| Task instructions |
Only the lines below from the one containing "View of San Francisco from Alcatraz" through the last line should be set down, exactly as written and with no pictures.

Data extract Block Start

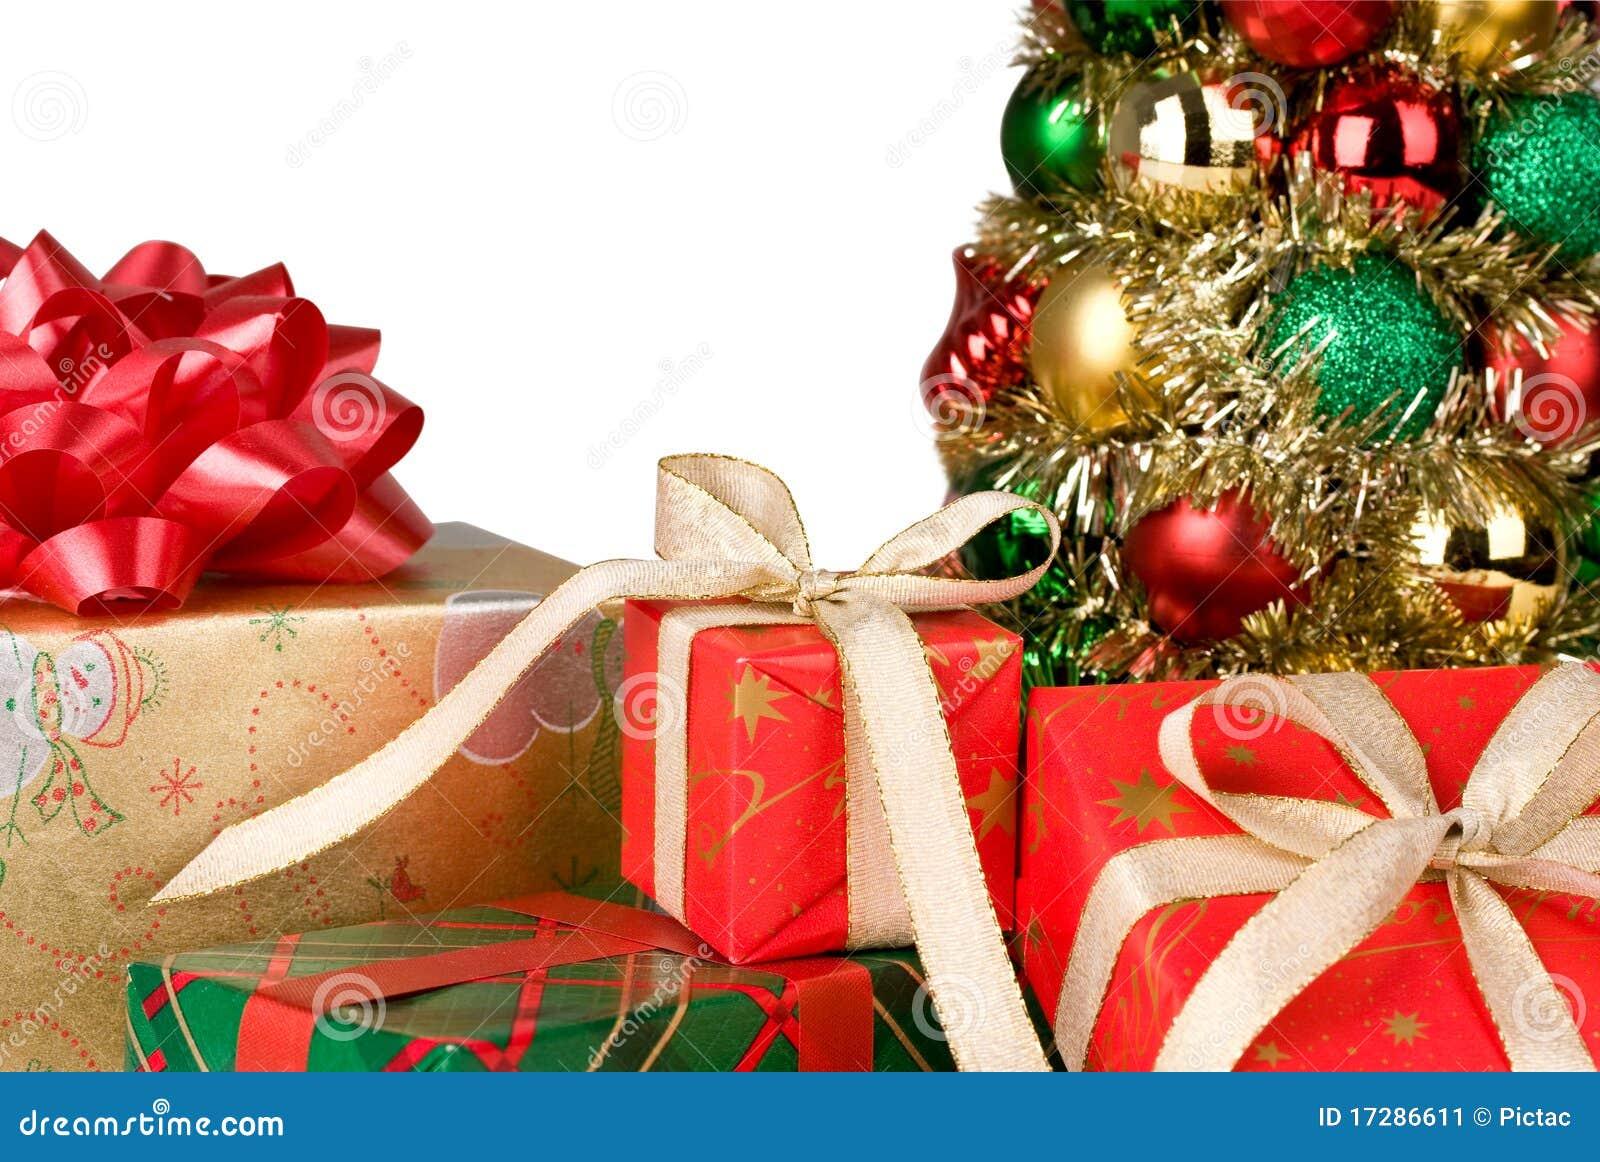 frohe weihnachten und frohe feiertage stockbild bild. Black Bedroom Furniture Sets. Home Design Ideas
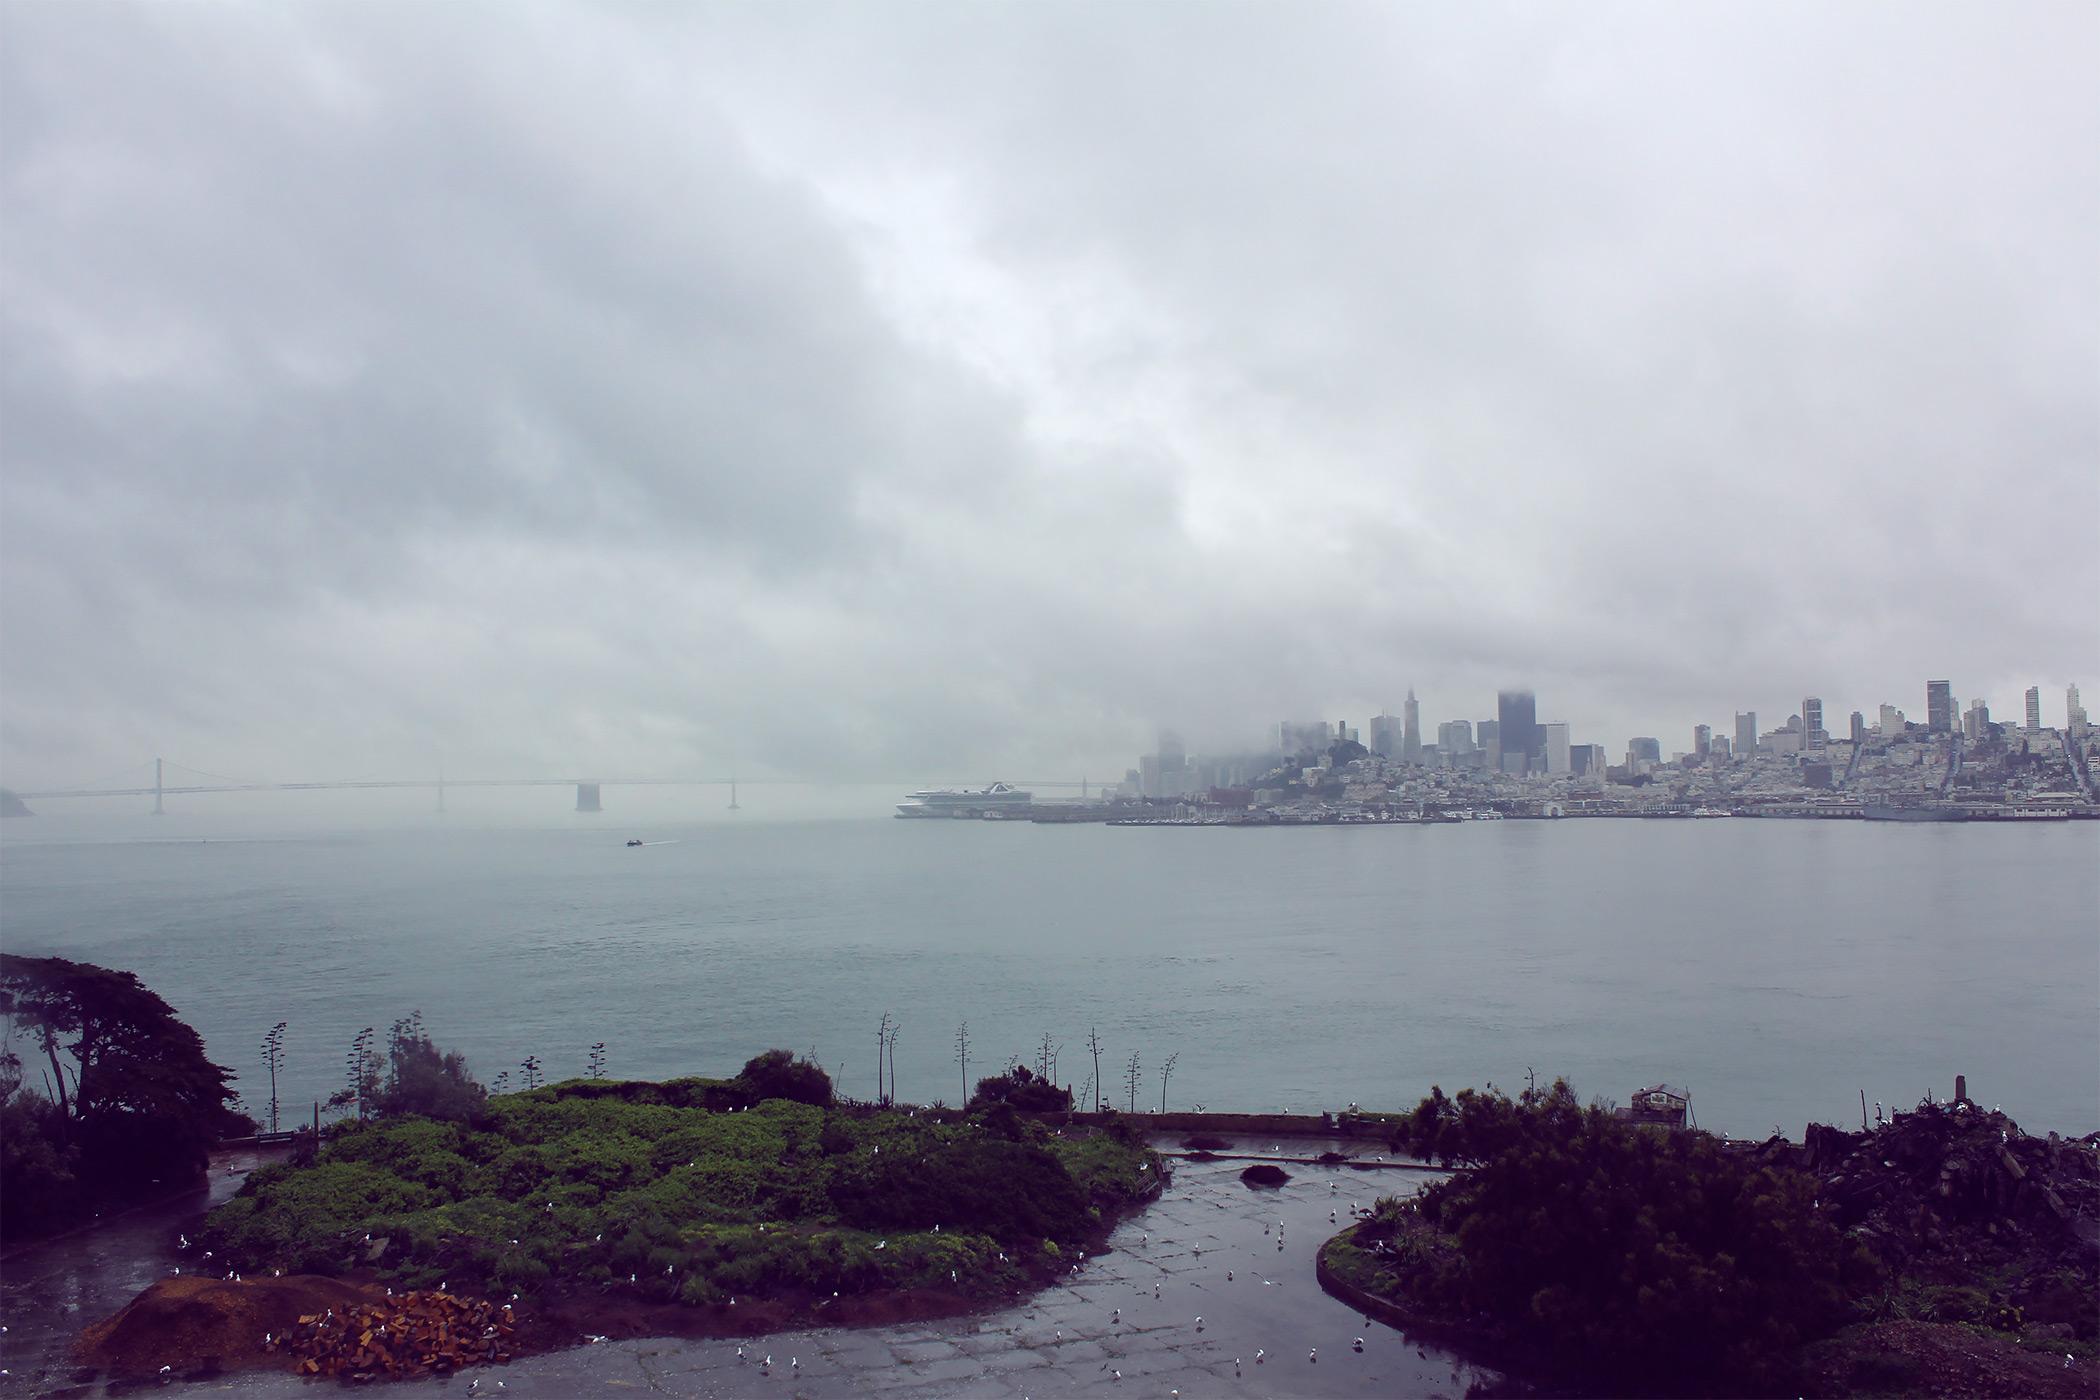 View of San Francisco from Alcatraz
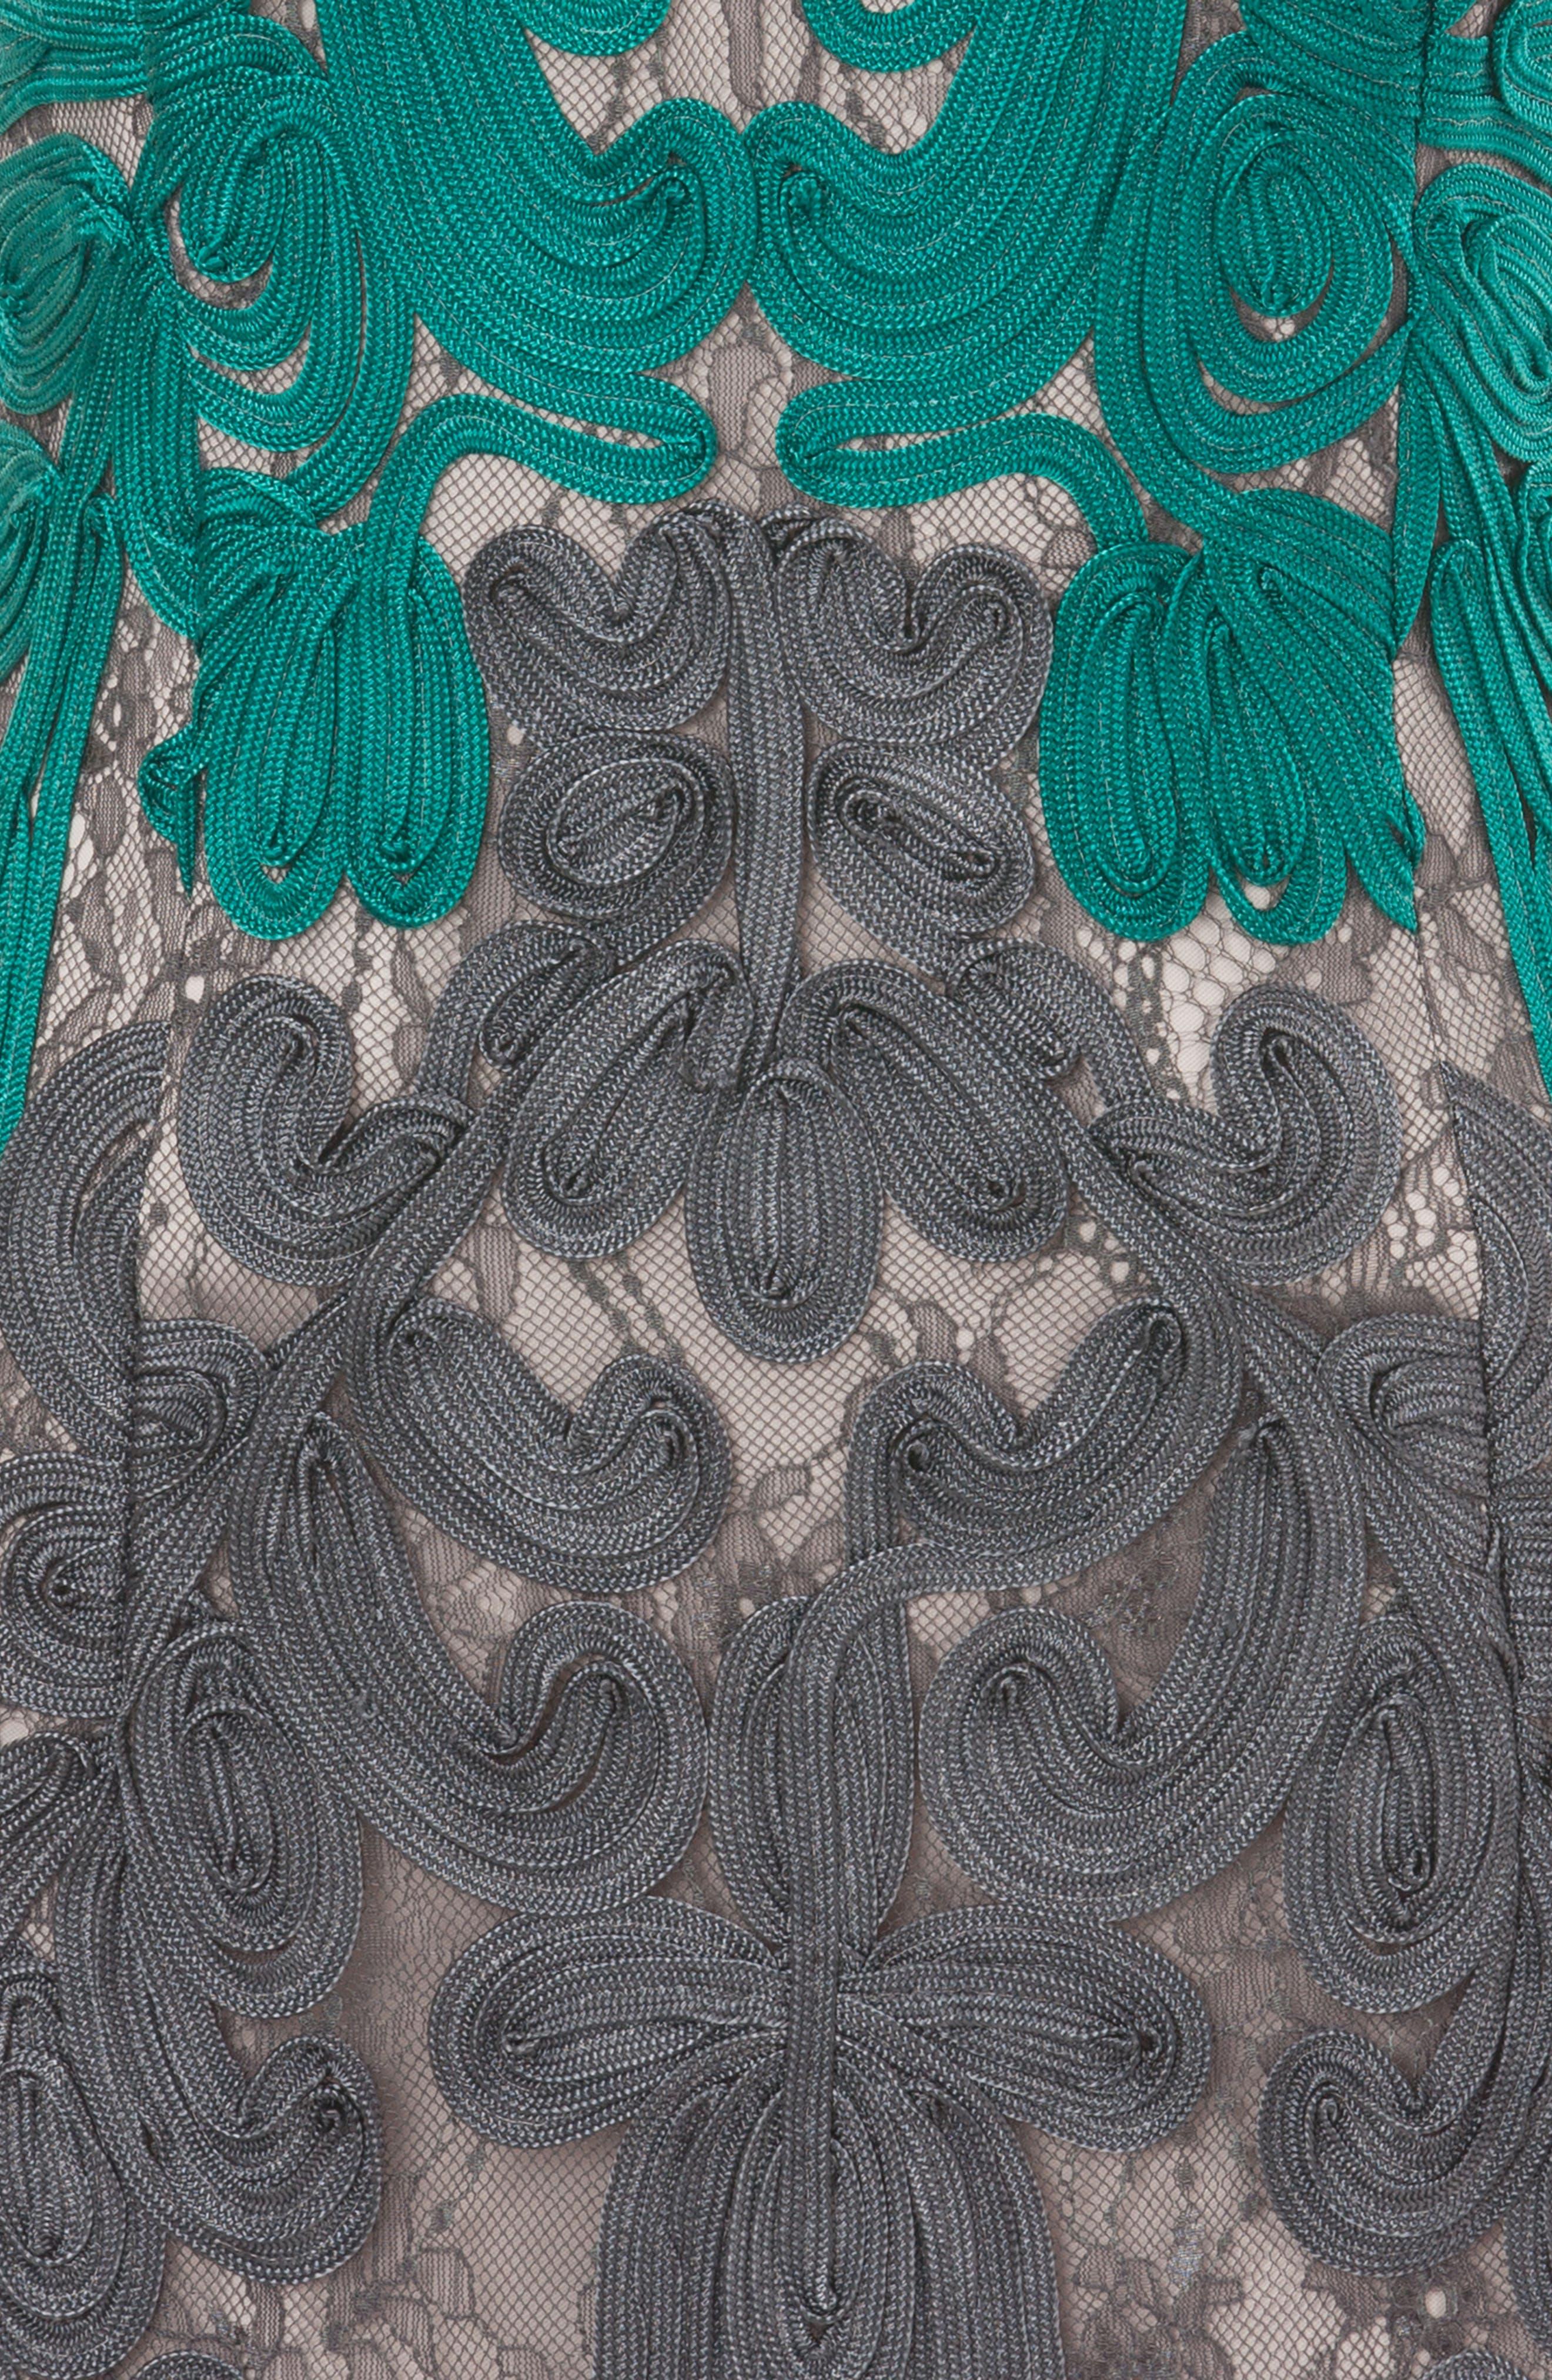 Soutache Lace Midi Dress,                             Alternate thumbnail 3, color,                             Teal/ Grey

Data extract Block End

| Result of the exercise |
 View of San Francisco from Alcatraz
 Soutache Lace Midi Dress,                             Alternate thumbnail 3, color,                             Teal/ Grey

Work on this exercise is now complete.